According to the idea of analysis of the case 1, we need to design a register to save the conflicting write data and address (because the priority of writing is lower than that of reading during design) to delay the writing of the W 0 data by one cycle, as shown in Figure 6a. In this way, a stable pipeline can be guaranteed, the W 0 of the previous cycle is written in the current cycle, and the data written in the current cycle W 1 are stored in the register to overwrite the data of the previous cycle.
However, according to the conflict forms in the second cases, when W 0 and R 0 conflict, the data and address information of W 0 are stored in the register. Because the next cycle does not cause a conflict, the Reg0 that saves the W 0 information is written to the first group of banks, but W 1 is also written to the first group of banks simultaneously. At this moment, there is a conflict between Reg0 and W 1 , so we need to add another register, Reg1, to store the information in Reg0 into Reg1, we delay W 0 by another one cycle, at the same time SA writes W 1 as usual, as shown in Figure 6b. Correspondingly, if R 1 acts on the first group of banks (at this moment, the last group of data which is stored in the first group of banks is read out corresponding to R 0 ), then the reading and writing conflict between Reg0 and R 1 occurs at this time, we use Reg1 to store Reg0’s information for one cycle to solve this problem, as shown in Figure 6c.
While the second case happens, we encounter a more difficult problem, when the number of bank groups is only 2 as shown in Figure 8, it causes the data in the register cannot be written to the C-buffer (if there is a read/write conflict on the first cycle and a conflict between Reg0 and R 1 on the second cycle, because there are only two groups of bank, W 2 acts on the first group of banks, which always leads to reading and writing conflicts. At this point, we need to change the way of conflict handling. In the first cycle, W 0 is stored in Reg0, and in the second cycle, W 0 is written into Reg1, at the same moment, W 1 is normally written into the C-buffer. In the third cycle, because of the conflict of W 0 and W 2 , we store W 2 into the Reg1, and W 0 in the Reg1 is written into the C-buffer to ensure the pipeline.

4.5. Limitations

In the process of hardware implementation, we have explored the scalability of this conflict-embracing design. The most important extension is whether the memory access patterns of the C-buffer is doubled or greater than the original. The memory method has an impact. However, there are also limitations with this design.
If the memory access patterns are expanded too wide, then the bank in each group may be only 1; under this address arrangement method we designed, there must be infinite conflicts that we can not handle, so if we want to ensure that the conflict can be tolerated, then the minimum number of banks must be greater than 1.
If the bank in each group is 1, a new problem arises—the bank depth must be reduced. According to the analysis and calculation of the data in Table 1, when the bank depth is reduced to half of the original, the space occupied by the memory bank is reduced, but the each bank’s area can not be reduced to half of the original. In other words, if the bank depth is reduced to half of the original, then the space occupied by the SPM to achieve the same effect is definitely larger. After comparison, although this has achieved the premise of conflict resolution conditions, the advantages of SPM-based design can be weakened. Intuitively, the space saving of SPM will become the original 130%. In general, the SPM banks and mapping method we have designed are extensible and can achieve the effect of reducing space spending, but the effect is not particularly clear. Furthermore, when the number of banks becomes very small, our SPM cannot continue to support it anymore, which is also the limitation of SPM.

5. Evaluation

In this section, we implement a systolic-array-based accelerator in verilog and emulate our designs with SPM and TPM on Palladium Z1. In addition, we also perform synthesis on SPM- and TPM-based designs to obtain the actual area overhead, respectively.

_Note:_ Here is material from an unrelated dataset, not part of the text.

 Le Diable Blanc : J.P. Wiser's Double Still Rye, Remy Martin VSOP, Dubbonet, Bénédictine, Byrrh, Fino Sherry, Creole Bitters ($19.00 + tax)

5.1. Metrics and Experimental Setting

Metrics: when it comes to the computing efficiency of SPM and TPM, we take the computing time (in microseconds) as the metric. With regards to the area, we evaluated the matrix calculations of SPM and TPM storage units with the same function through hardware.
We tested the time efficiency and accuracy verification of the systolic accelerator for computing matrices of different sizes through Palladium Z1. The frequency is 2 MHZ.

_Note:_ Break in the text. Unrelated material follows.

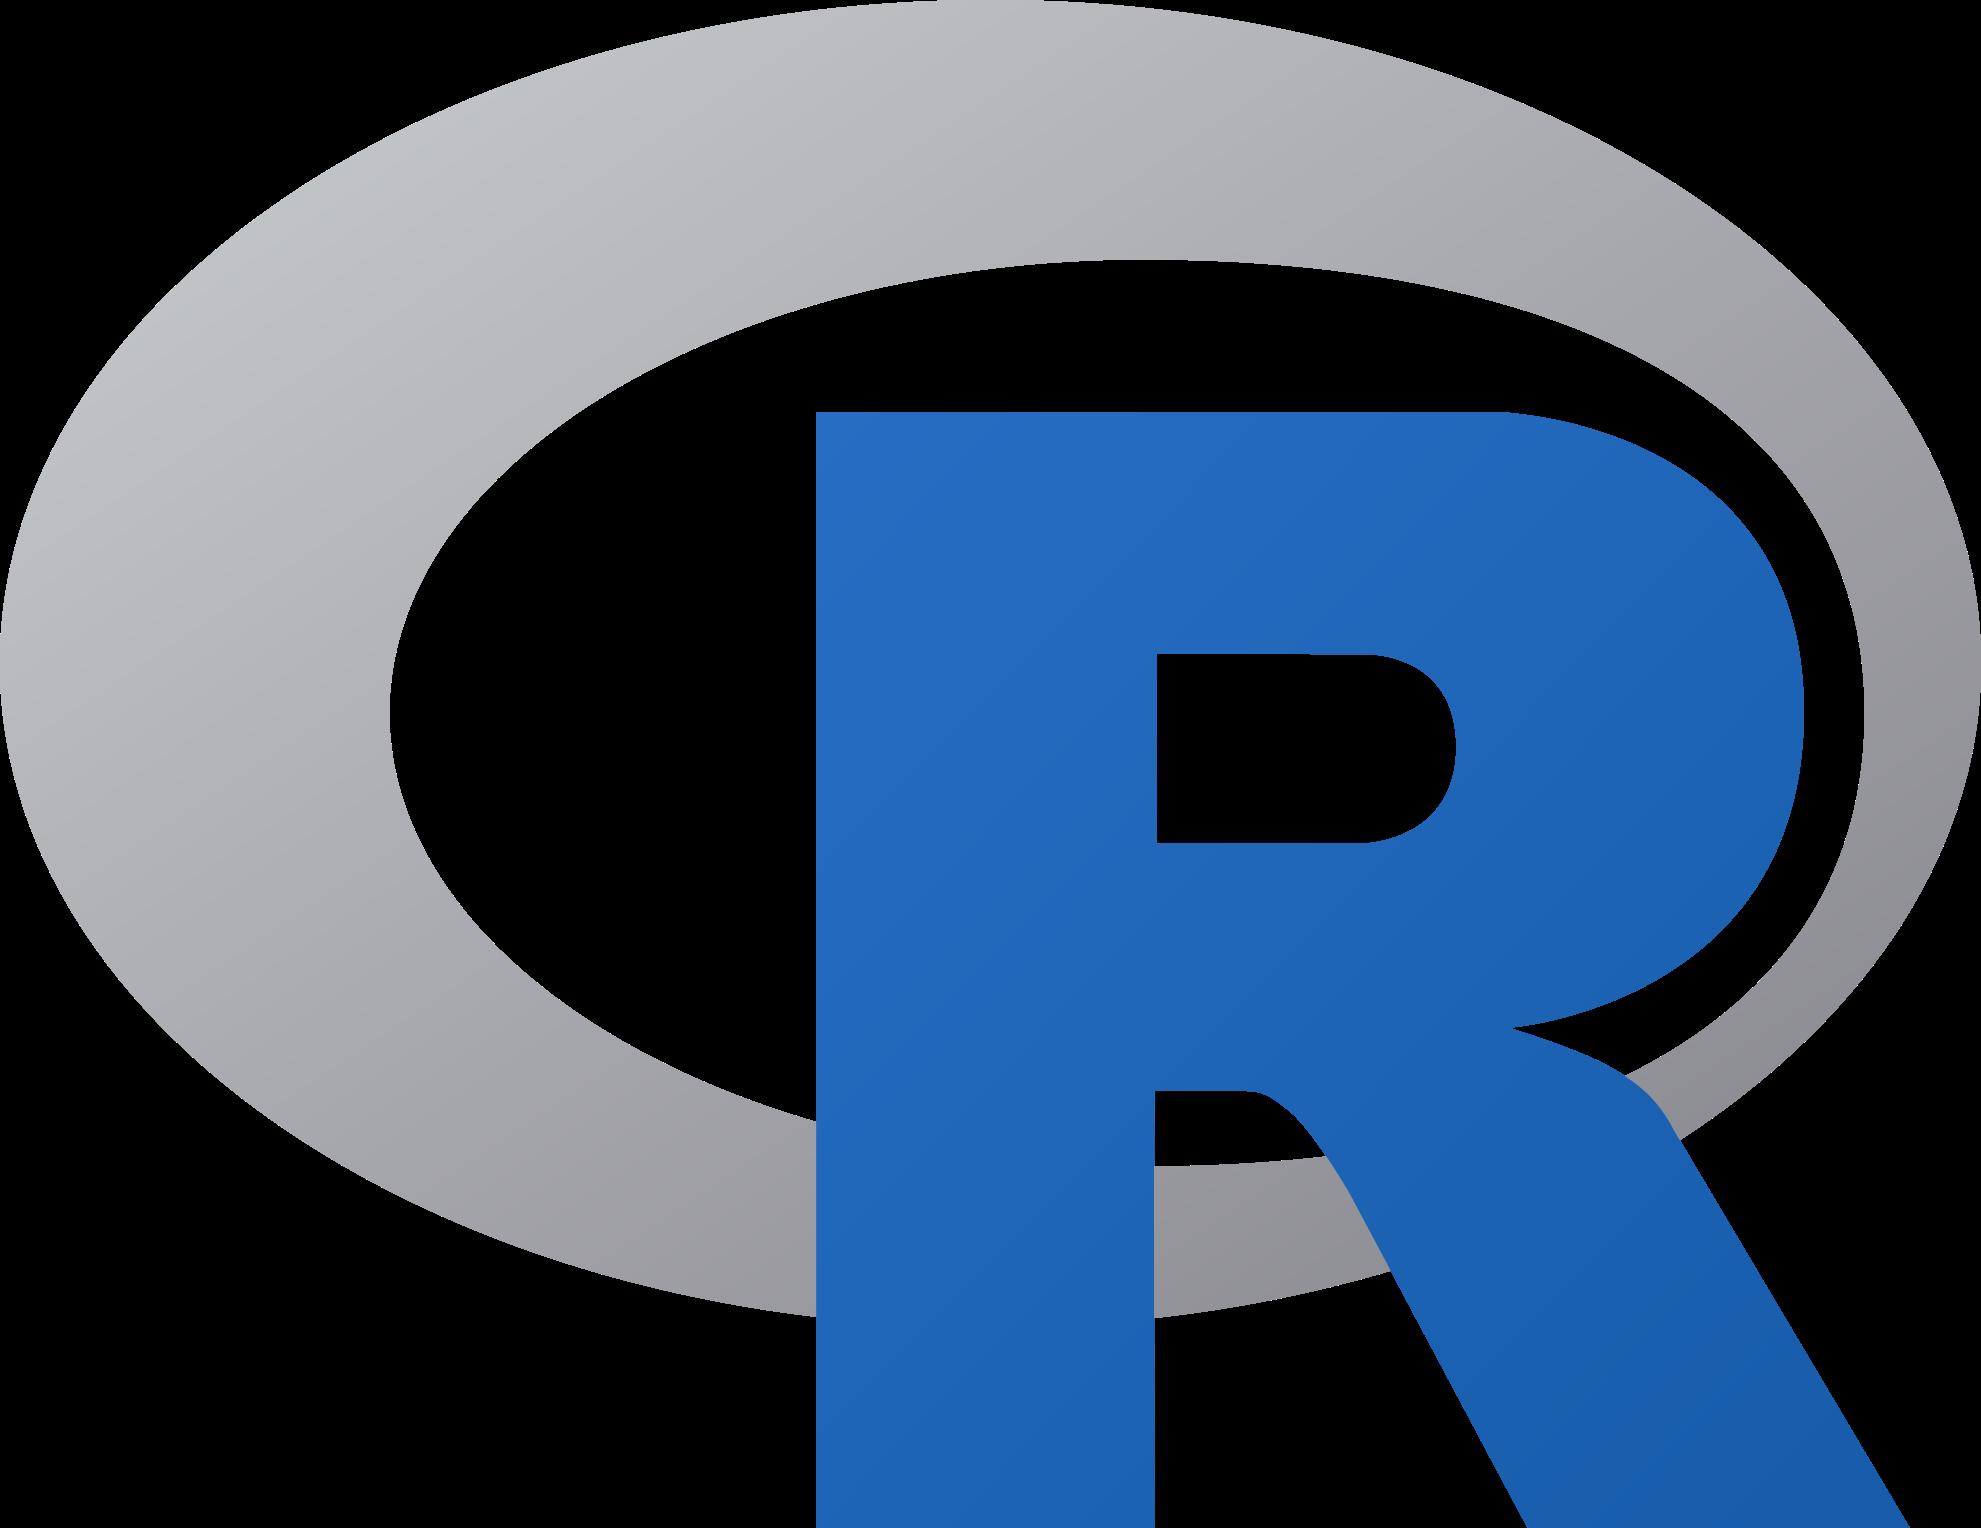 R Reaches Its Personal Maximum In The TIOBE Index

5.2. Experiments and Results

In this section, we conduct several different experiments to verify the feasibility and memory optimization of our proposed SPM.
Figure 9 shows the additional combinational and noncombinational logic area costs that our address-mapping module. We can observe that both combinational and noncombinational logic area costs increase a small scale in the whole C-buffer of less than 1%.
Table 3 illustrates the time taken for our SPM supporting multiple precision computation or not, TPM supporting multiple precision computation or not to compute the matrices of different sizes (here, we take the half-precision computation (it takes quadruple computing memory access patterns) as an example). We evaluate the effectiveness of computational efficiency from the total matrix computing time. From the figure, we observe that the time taken by our SPM-based design is quite close to the TPM, but with the multiple precision computing unit there is an clear time increase due to the banks choosing and some multiple precision computation design logic.
Note that as the size of the matrix increases, the time obtained for both, with multiprecision or not, increases exponentially. In Figure 10, we can observe that, compared to the TPM and TPM (multiprecision), our SPM-based design’s additional time cost grows very slowly. As the running time increases, the trend of the ratio is getting smaller, thereby getting closer to 0. Moreover, in engineering, the systolic array we have designed is not only intended to calculate a small-scale matrix multiplication, but the actual problem that needs to be calculated is larger. Therefore, when we actually use the SPM we have designed, the computational efficiency is very close to the TPM. Note that, when the matrix is small, the computation time of the Scal-BW design with quadrupling memory access patterns is really close to the basic design, which is mainly due to the removal time of the data being dominant. On the contrary, the computation time of the Scal-BW design is close to one quarter of the basic design. Simultaneously, the most important factor is that, after changing to our SPM-based design and after traversal calculation of different scale matrices, the accuracy of the matrix calculation results reached 100%. This also confirms the feasibility of the SPM we have designed and the comprehensiveness of conflict considerations.
For SPM and TPM, supporting multiple precision computation or not, because we only modify the C-buffer module, the change of time is only reflected in this module. The additional time is the time consumed by address conversion and multiprecision computing arbitration. When designing the address conversion module of SPM, we took into account the time and space spending caused by multiplication and division to the hardware, and we optimized the calculation of the address to for multiplication and division, which is another reason that our SPM-based design is more efficient.
In Figure 10, we observe that there is an anomaly. When the size of the matrix is 36 × 36 × 36, the ratio appears to be lower than 0, and the test time increases. The anomaly is most likely caused by unevenness when the matrix is cut into 16 × 16 blocks, matching the size of the PE when the matrix size is very small. Take the 36 × 36 × 36 matrix and 40 × 40 × 40 matrix as examples. When calculating, the A-buffer is divided into two-scale matrices: 36 × 36 × 36:16 × 36 (two), 4 × 36 (one); 40 × 40 × 40:16 × 36 (two), and 8 × 36 (one). The calculation time for the first two matrices of the same size when they split is the same; only the third block is different. Compared to the 8 × 36 matrix, the 16 × 36 matrix has a higher occupancy rate in PE, so the calculation time increases instead.
Finally, our SPM-based design only takes a little time (which can be ignored) to complete matrix multiplication calculations while simultaneously maintaining computing accuracy.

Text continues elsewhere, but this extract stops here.